Ainda assim, Florbela não se dedicou só ao café quando voltou para Portugal. “Em cada etapa escolhemos o que queremos atingir”. E Florbela queria estudar. Acabou o 12º ano e foi na Escola Superior de Beja que se licenciou em Animação Sócio Cultural. Um curso que condiz com a sua espontaneidade a falar. Não é difícil imaginá-la a dinamizar alguma atividade. Foram noites, na luz esbatida de um candeeiro, a estudar. “Para quê?”, pergunta-se Florbela.
Quando voltaram da Suíça depois da primeira estadia, Kevin era pequeno e não se apercebeu da mudança de país. Estudou e tirou um curso de recepcionista. “Teve uma excelente nota”, diz Florbela, orgulhosa. Estagiou num hotel de renome no Algarve. Gostaram dele e até lhe ofereceram trabalho, mas por “um mísero ordenado mínimo.”
Florbela ia ter de continuar a sustentar o filho. Kevin, por vontade própria, decidiu sair logo de Portugal e partir para o país onde os pais não o quiseram ver crescer. Não era este o destino que Florbela e Francisco queriam para o filho.
Numa quinta-feira de 2011 ligaram para Francisco a perguntar pelo interesse de voltar a trabalhar na Suíça. Na segunda-feira já estava a embarcar no avião. Não se despediu de nenhum cliente, ninguém, nem o melhor amigo que o foi levar ao aeroporto suspeitava qual ia ser a duração desta viagem.
“O que safou” Francisco foi durante a primeira temporada ter feito cursos de operação de máquinas e gruas. As exigências aumentaram. “A primeira coisa que perguntam agora é por um diploma”. No dia em que chegou pela segunda vez à Suíça não sabia como ia reagir àquela “reemigração”. “No segundo dia já parecia que nunca tinha saído de cá.”
Partir pela segunda vez
Cláudia Pereira, investigadora do Centro de Investigação e Estudos de Sociologia, explica que nos inquéritos sobre emigração umas das principais justificações dos cidadãos está relacionada com o facto de já se ter estado emigrado anteriormente, o que facilita uma nova saída. “Já têm uma rede de contactos que, na maioria dos casos, é a família”.
Contudo, estes dados não são compilados.

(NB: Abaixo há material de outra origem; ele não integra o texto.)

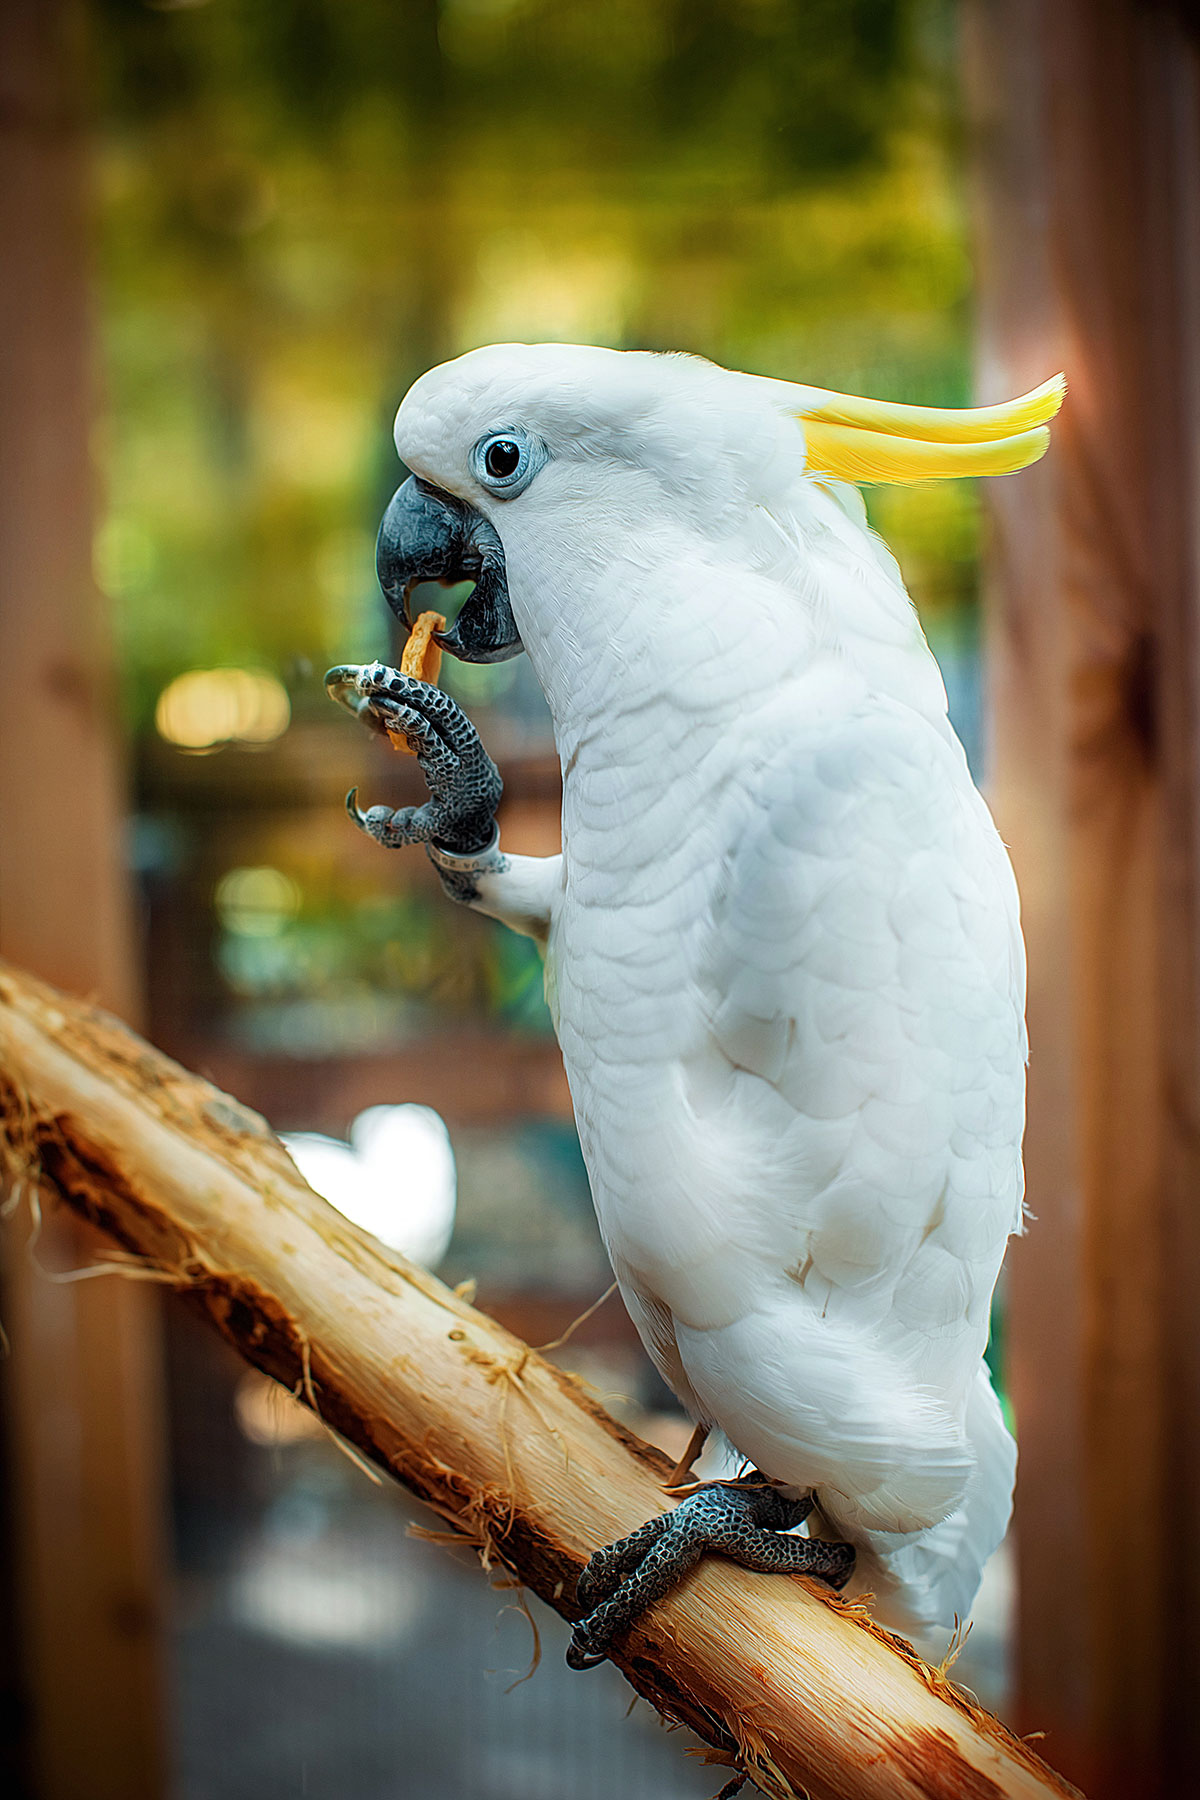 Жовточубий какаду — контактний зоопарк Animal Park

Ao certo, não se sabe quantos dos aproximadamente 500 mil portugueses que saíram do país desde 2008, de acordo com os dados do Instituto Nacional de Estatística, emigraram pela primeira vez. Ou quando tinha sido a última vez que tinham estado fora do país. De acordo com os censos de 2011, 10% da população portuguesa afirmou já ter vivido fora do país pelo menos um ano.
Há muitos que emigram para progredir na carreira profissional, diz a especialista, lembrando o caso dos portugueses na área dos fundos de investimento, que partiram para Londres. Outros pela aventura. E outros ainda porque são obrigados.
“O que regula as migrações é o mercado de trabalho”, sumaria Cláudia Pereira, ao falar dos motivos de emigração, um tema muito discutido nos últimos anos em Portugal. E o mercado de trabalho anda, passo a passo, ao lado da situação histórica e económica do país.
Muitos colegas de Francisco na Suíça são portugueses. Tinham empresas e por causa das dívidas que foram acumulando, tiveram de sair do país. Emigraram para pagar o insucesso.“Sabe, nós abrimos os olhos antes de isso acontecer”, diz Francisco.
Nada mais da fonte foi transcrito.